Enhanced pervaporation performance of SA-PFSA/ceramic hybrid membranes for ethanol dehydration

In this study, sodium alginate (SA)-perfluorinated sulfonic acid (PFSA)/ceramic hybrid membranes were successfully prepared by dip-coating method. The contorted rigid structure of PFSA immobilized the loose structure of SA as well as improved the interconnectivity so as to demonstrated high separation factors. Meanwhile, the ion clusters formed by SO3H groups of PFSA possessed high affinity for water, resulting in high water flux. The viscosity of blend solution, structures and properties of the hybrid membranes were investigated by viscometry, Fourier transform infrared (FTIR), scanning electron microscopy (SEM), water contact angle meter and pervaporation dehydration.

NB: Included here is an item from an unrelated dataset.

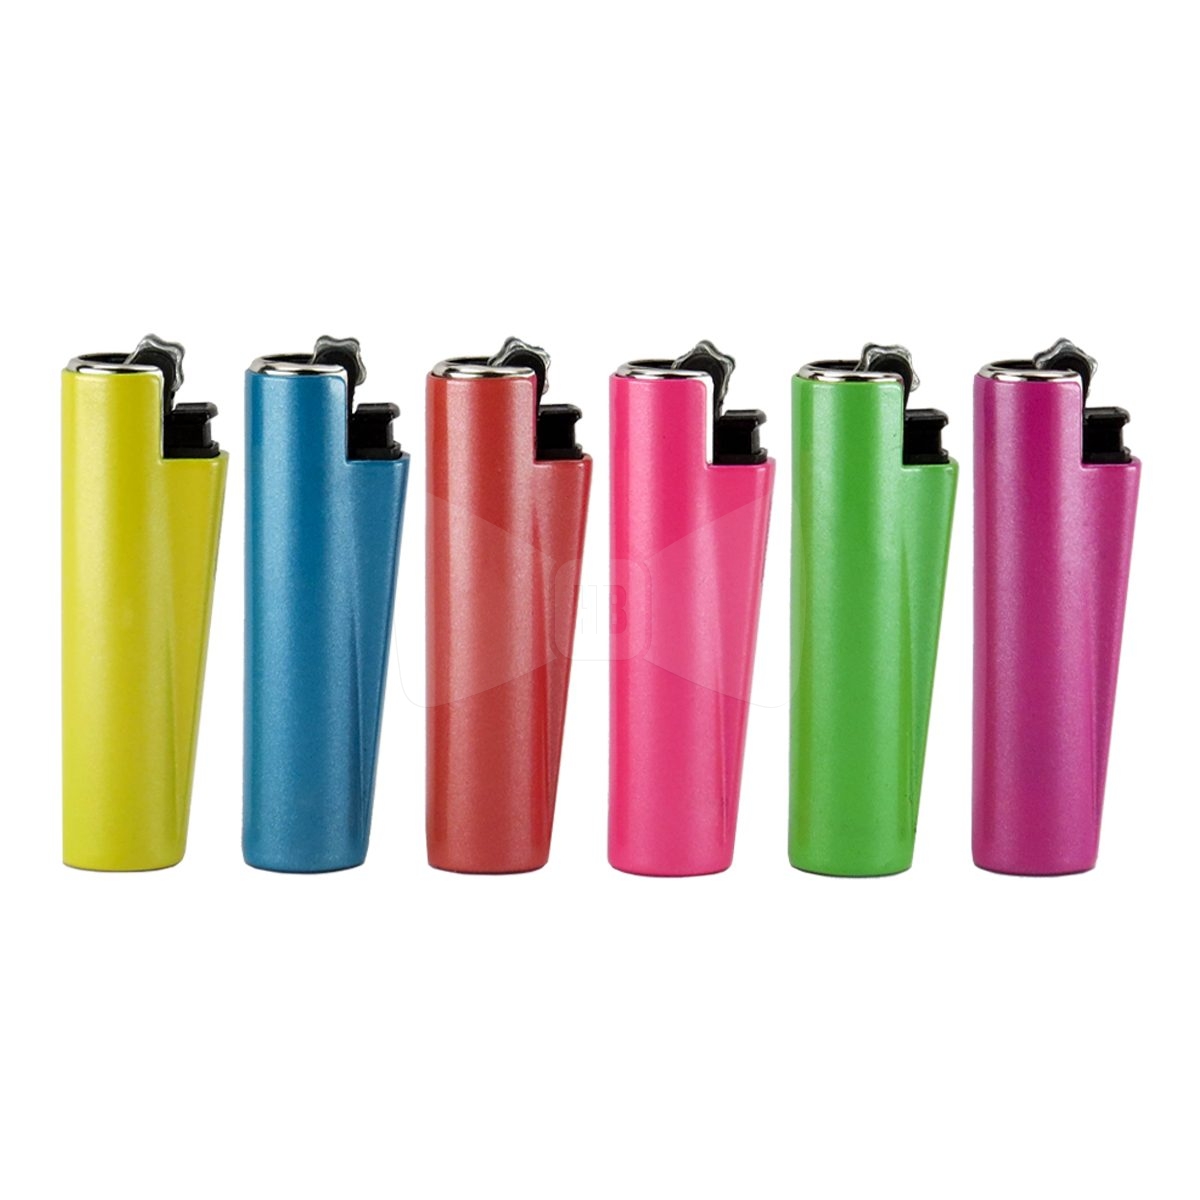 Clipper Metal Cased Happy Color Lighters 6 Pack

The effects of SA-PFSA ratio, PFSA content, feed composition and temperature on the separation performances of the hybrid membranes were investigated. The hybrid membrane fabricated by 2.0 wt% SA and 2.0 wt% PFSA demonstrated a high flux of 1155 g m−2 h−1 coupled with separation factor of 1149 by dehydration of 15 wt% water content ethanol-water mixture at 75 °C, reflecting superior pervaporation processing capacity.